二叉树:
前序: 1-2-4-8-5-9-3-6-10-7 根左右
中序: 8-4-2-5-9-1-6-10-3-7 左根右
后序列: 8-4-9-5-2-10-6-7-3-1 左右根
递归实现
#include <iostream>
#include <stack>
#include <list>
#include <vector>
using namespace std;
struct TreeNode {
int val;
TreeNode *left;
TreeNode *right;
TreeNode(int x) : val(x), left(NULL), right(NULL) {}
};
TreeNode *inorder(TreeNode* root,vector<int>& res)
{
if(root!=NULL)
{
res.push_back(root->val);
inorder(root->left,res);
inorder(root->right,res);
}
else
return NULL;
return root;
}
int main()
{
TreeNode *root=&TreeNode(1);
root->left=&TreeNode(2);
root->right=&TreeNode(3);
root->left->left=&TreeNode(4);
root->left->right=&TreeNode(5);
root->right->left=&TreeNode(6);
root->right->right=&TreeNode(7);
root->left->left->left=&TreeNode(8);
root->left->right->right=&TreeNode(9);
root->right->left->right=&TreeNode(10);
vector<int> myvec;
TreeNode *outp=inorder(root,myvec);
cout<<myvec[0];
for(int i=1;i<myvec.size();i++)
cout<<" "<<myvec[i];
cout<<endl;
return 0;
}更改18.19.20三行的顺序,即可得到前中后序
非递归实现
前序
主要思路:
利用堆栈模拟路线,数组存储前序结果。
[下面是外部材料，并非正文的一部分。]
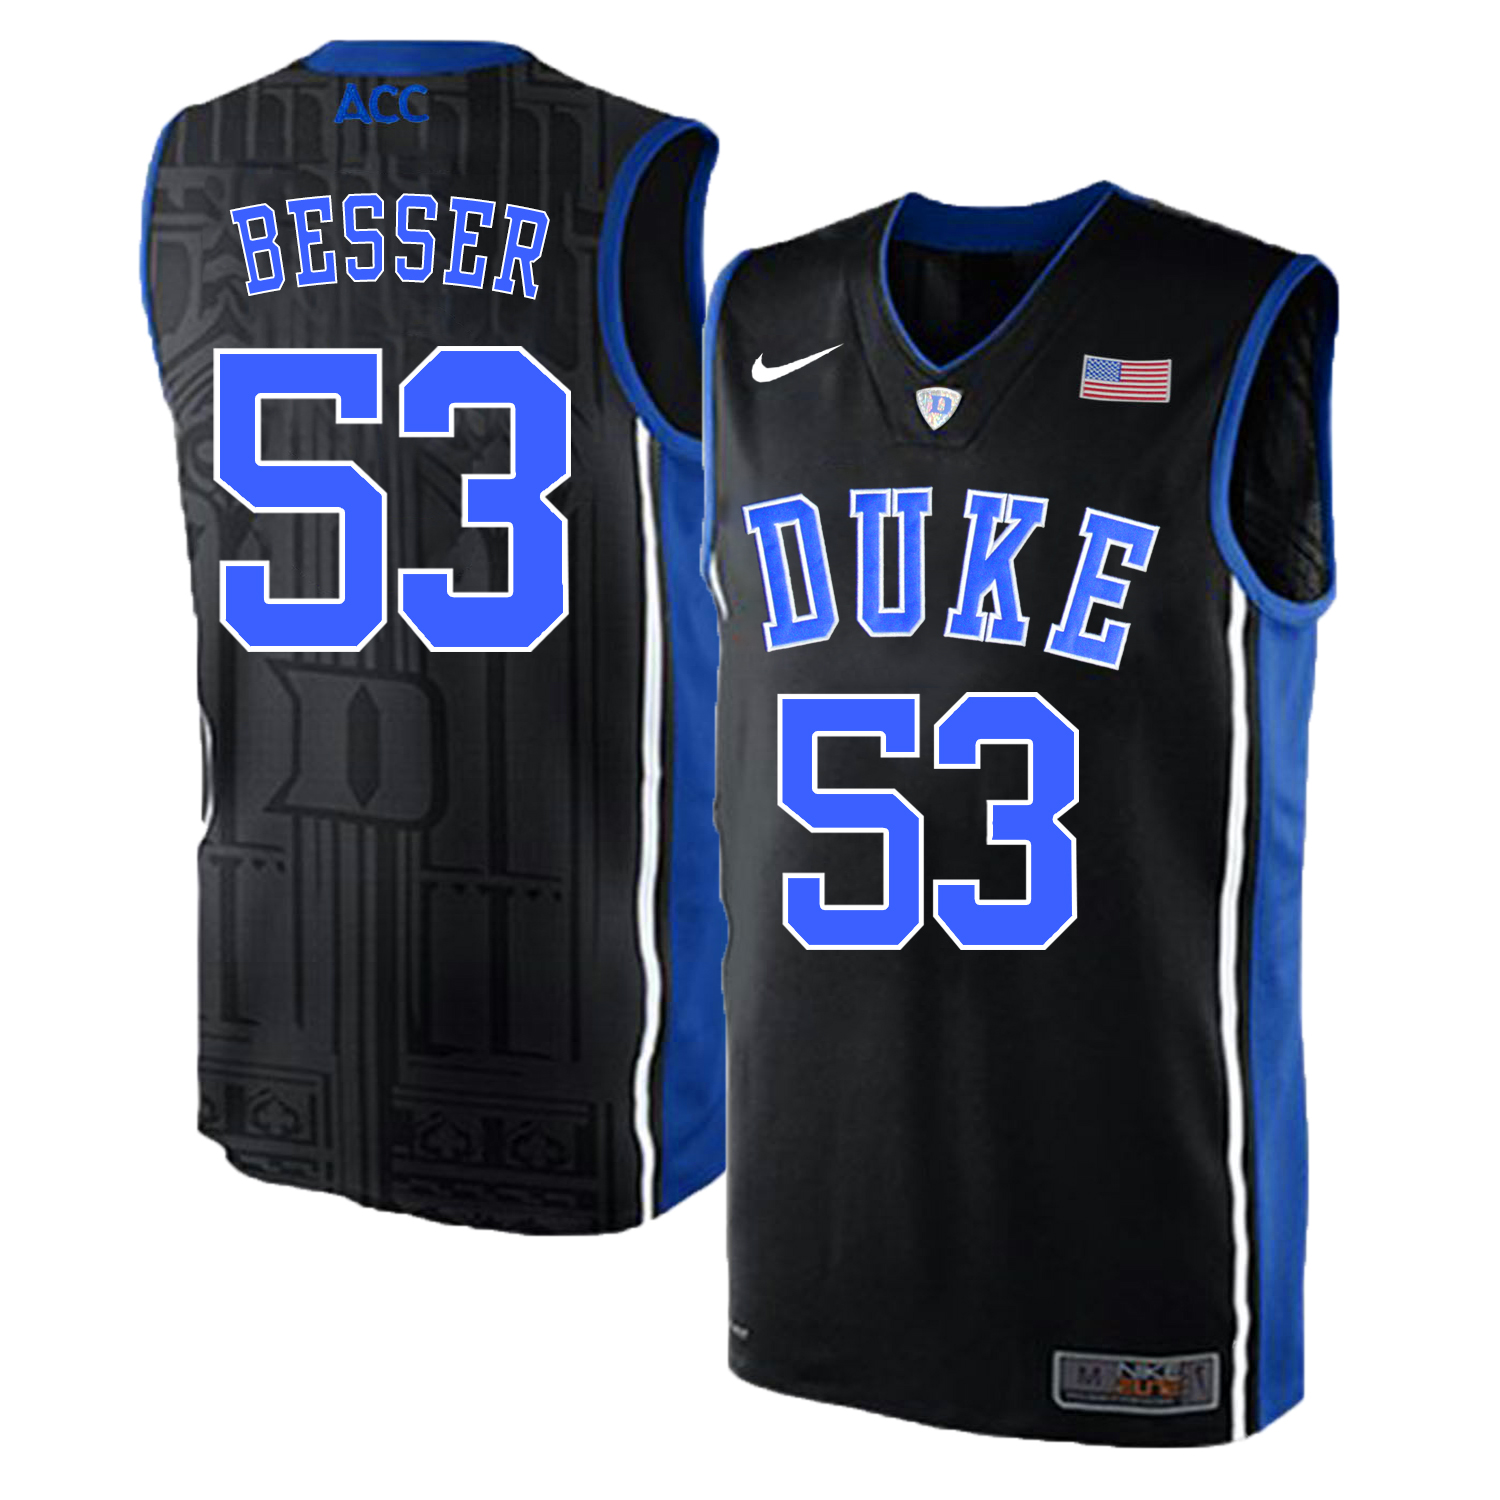 Duke Blue Devils 53 Brennan Besser Black Elite Nike College Basketball Jersey

步骤如下:
while(指针不为空||堆栈不为空)
- 判断当前指针是否为空
- 如果不为空,将数据放入堆栈s,同时将值放入数组,将指针指向左儿子
- 如果为空,指针指向栈顶元素的右儿子,同时出栈
#include <iostream>
#include <stack>
#include <list>
#include <vector>
using namespace std;
struct TreeNode {
int val;
TreeNode *left;
TreeNode *right;
TreeNode(int x) : val(x), left(NULL), right(NULL) {}
};
vector<int> preorderTraversal(TreeNode* root) {
vector<int> myvec;
stack<TreeNode*> s;
TreeNode* tmp=root;
while (tmp||!s.empty())
{
if (tmp){
s.push(tmp);
myvec.push_back(tmp->val);
tmp=tmp->left;
} else{
tmp=s.top()->right;
s.pop();
}
}
return myvec;
}
int main()
{
TreeNode *root=&TreeNode(1);
root->left=&TreeNode(2);
root->right=&TreeNode(3);
root->left->left=&TreeNode(4);
root->left->right=&TreeNode(5);
root->right->left=&TreeNode(6);
root->right->right=&TreeNode(7);
root->left->left->left=&TreeNode(8);
root->left->right->right=&TreeNode(9);
root->right->left->right=&TreeNode(10);
vector<int> myvec;
myvec=preorderTraversal(root);
cout<<myvec[0];
for(int i=1;i<myvec.size();i++)
cout<<" "<<myvec[i];
cout<<endl;
return 0;
}中序:
while条件:输入节点不为空,堆栈不为空
如果有左儿子,就一直循环往堆栈放左儿子
如果没有左儿子了,并且堆栈不为空,指针指向栈顶的元素,出栈,然后元素放入数组,
最后把指针指向栈顶元素的右儿子(左先已经出栈,跟紧接着,现在出栈右边)
vector<int> inorderTraversal(TreeNode* root) {
vector<int> myvec;
stack<TreeNode*> s;
TreeNode* tmp=root;
while (tmp||!s.empty())
{
while (tmp){
s.push(tmp);
tmp=tmp->left;
}
if (!s.empty()){
tmp=s.top();
s.pop();
myvec.push_back(tmp->val);
tmp=tmp->right;
}
}
return myvec;
}后序遍历
二叉树的后序遍历(leetcode 145)
vector<int> postorderTraversal(TreeNode* root) {
stack<TreeNode*> s;
vector<int> retVec;
TreeNode* current = root;
TreeNode* pre = nullptr;
while(!s.empty()||current){
while(current) {
s.push(current);
current = current->left;
}
auto top = s.top();
if(top->right==nullptr||top->right==pre) {
pre = top;
retVec.push_back(top->val);
current = nullptr;
s.pop();
}
else {
current = top->right;
}
}
return retVec;
}